Nach einer NanoBiophysik-Gruppenleiterposition an der Universität Basel wechselte er von 1994 bis 2000 als Forschungsgruppenleiter in die chemisch-pharmazeutische Industrie (Ciba-Geigy, Novartis und Solvias) in enger wissenschaftlicher Zusammenarbeit mit dem Friedrich Miescher Institute for Biomedical Research (FMI) auf dem Gebiet der funktionellen Glykobiologie von Meeresschwämmen (Max M. Burger). Nach seiner Habilitation an der Philosophisch-Naturwissenschaftlichen Fakultät der Universität Basel im Fach Experimentalphysik (1998) folgte er im Jahr 2000 einem Ruf an die Fakultät für Physik der Universität Bielefeld als Lehrstuhlinhaber für Experimentelle Biophysik und Angewandte Nanowissenschaften.[2]

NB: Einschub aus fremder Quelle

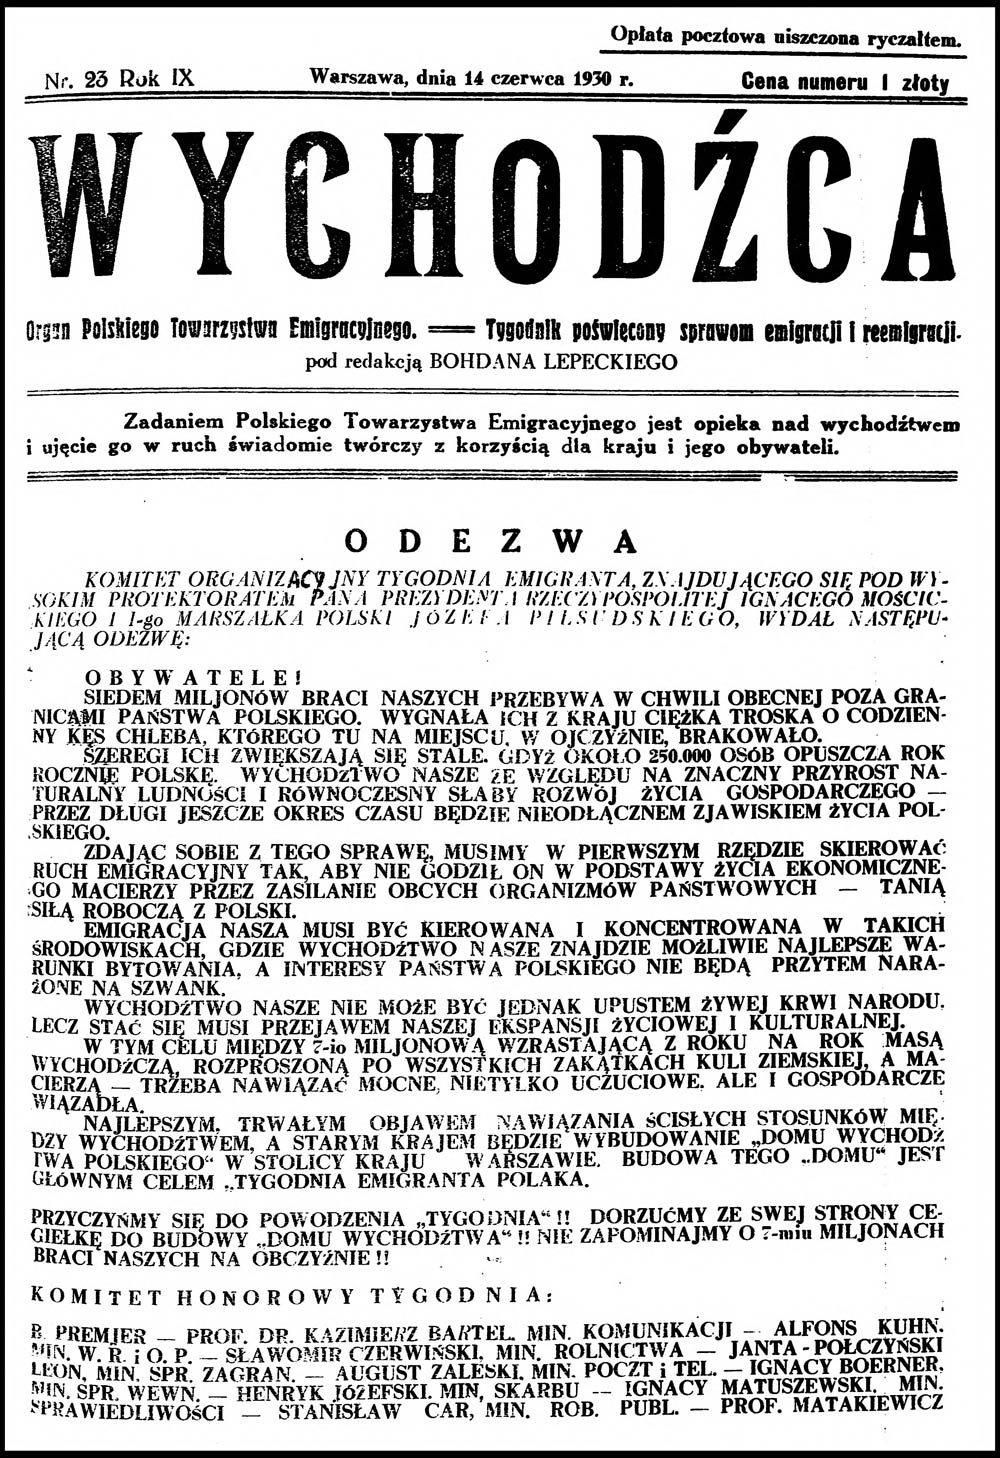 WYCHODŹCA. Organa Polskiego Towarzystwa Emigracyjnego == Tygodnik Poświęcony sprawom emigracji i reemigracji. - 1930, nr 23
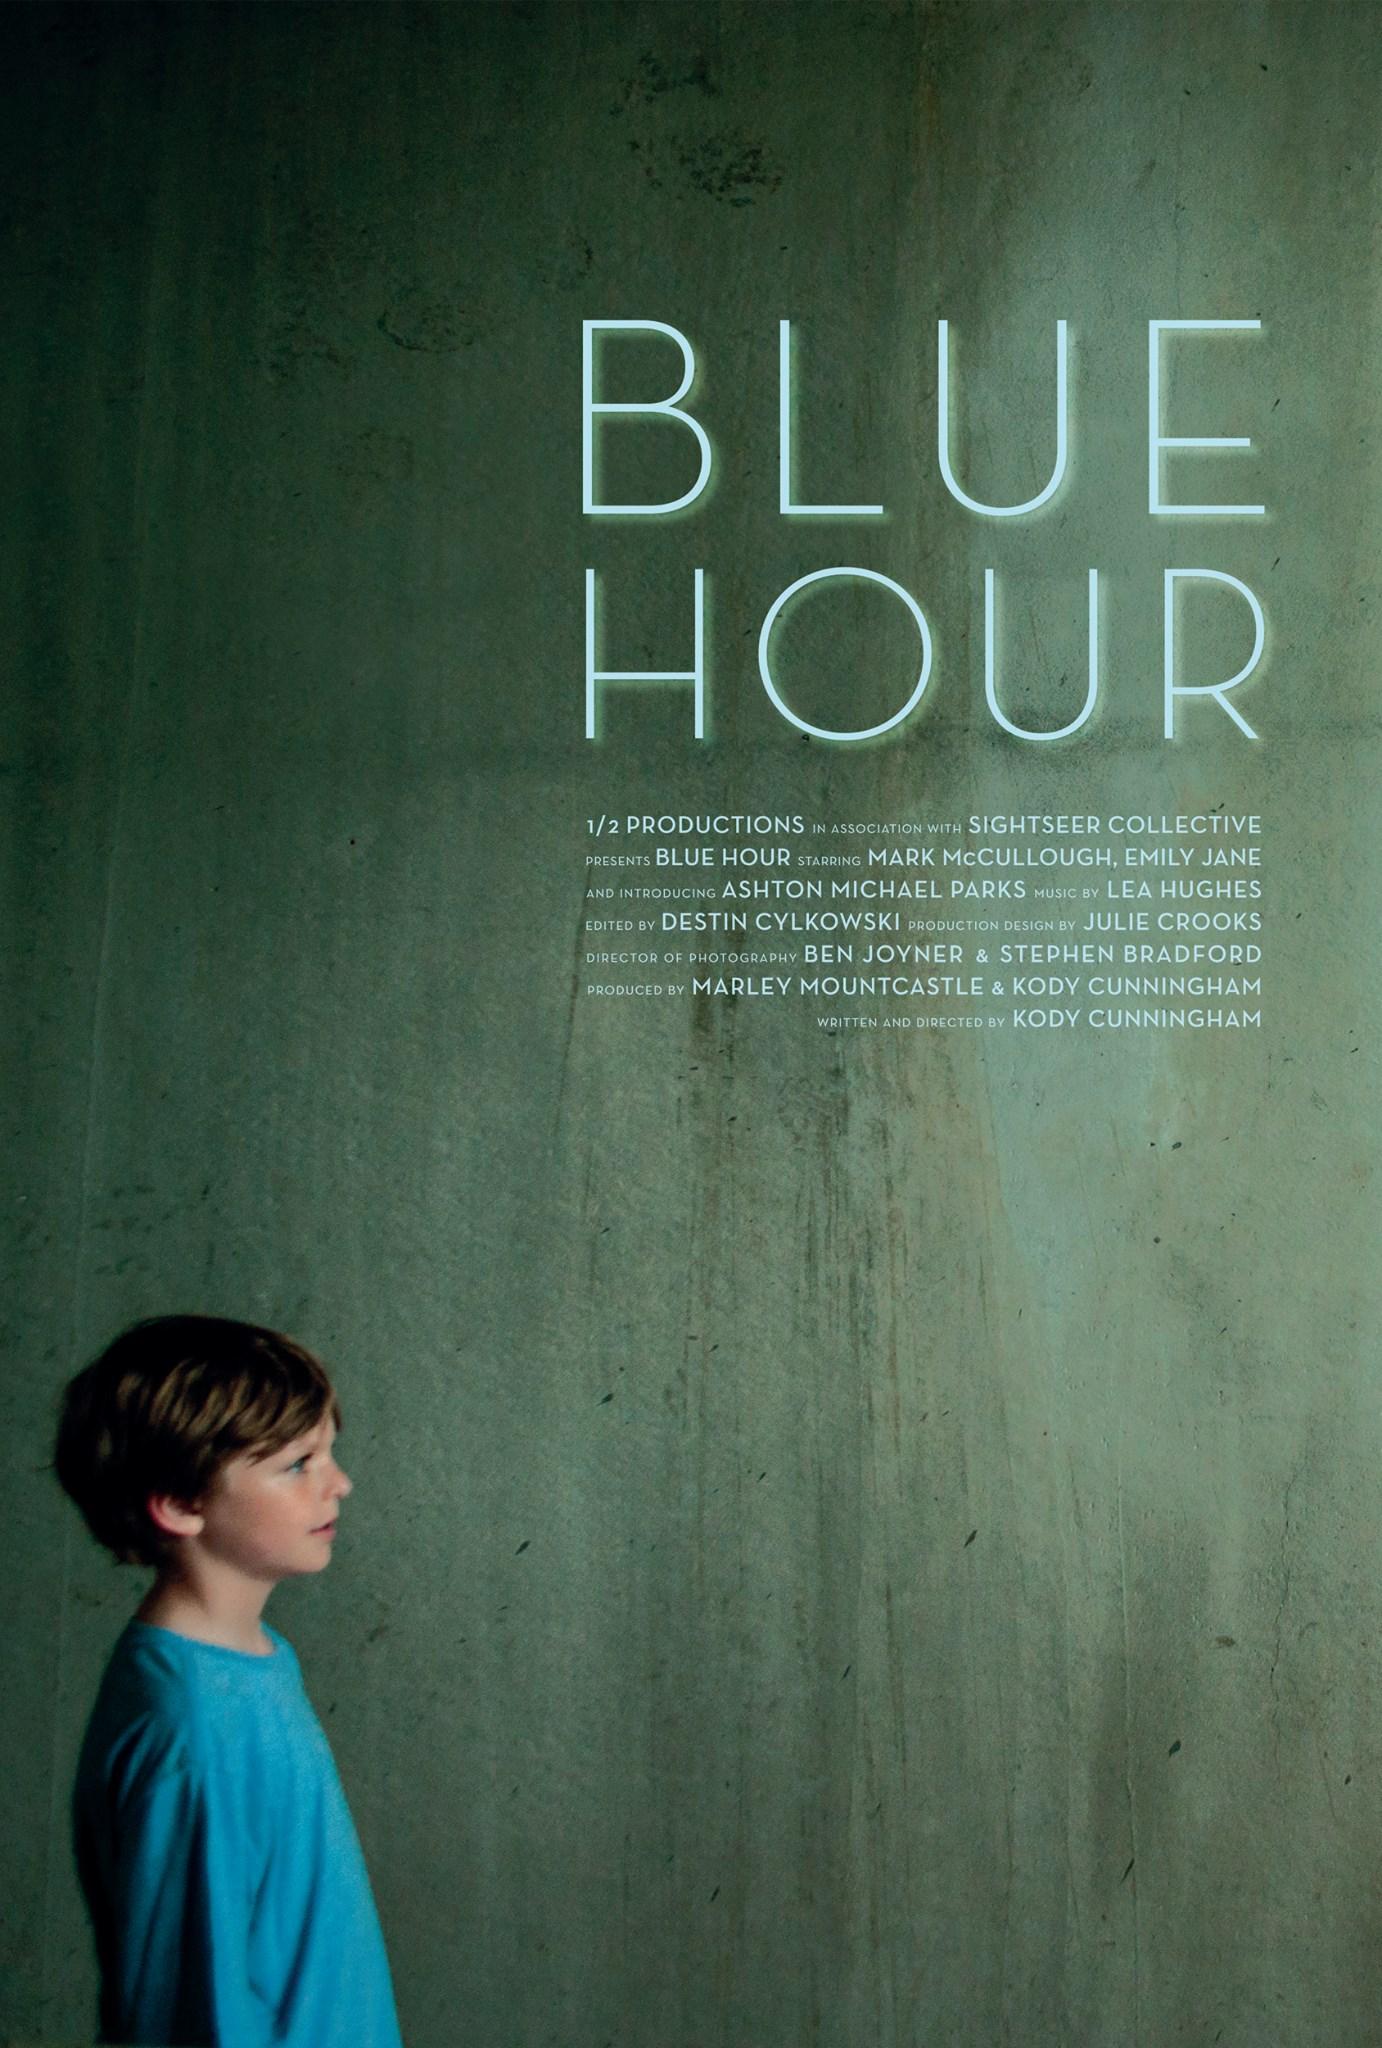 Poster by Katelan Cunningham

Von 2002 bis 2012 war Anselmetti Sprecher des DFG Sonderforschungsbereichs 613[3] „Physik von Einzelmolekülprozessen und molekularer Erkennung in organischen Systemen“ und gründete 2003 das Mitmach- und Experimentierlabor „teutolab-PHYSIK“[4] für Schülerinnen und Schüler an der Universität Bielefeld. Von 2019 bis 2021 war er Dekan der Fakultät für Physik.

Anselmetti ist Novartis Leading Scientist (1998), ordentliches Mitglied der Nordrhein-Westfälischen Akademie der Wissenschaften und Künste[5] in Düsseldorf (seit 2005), und (Mit-)Autor von über 200 wissenschaftlichen Publikationen, (Co-)Editor von Fachbüchern und Verfasser von Patentanmeldungen.

Seine wissenschaftlichen Arbeiten umfassen Untersuchungen zu strukturellen und funktionalen Aspekten der Einzelmolekül- und Einzelzell-Biophysik durch Methoden der angewandten Nanowissenschaften. Diese beinhalten u. a. quantitative Studien zu Bindungseigenschaften und - Mechanismen der molekularer Erkennung biologisch-medizinischer und synthetischer Rezeptor-Ligand-Wechselwirkungen, sowie zur mikro- und nanofluidischen Translationsdynamik durch biologische und biomimetische Nanoporen und Nanomembranen.

Schriften (Auswahl)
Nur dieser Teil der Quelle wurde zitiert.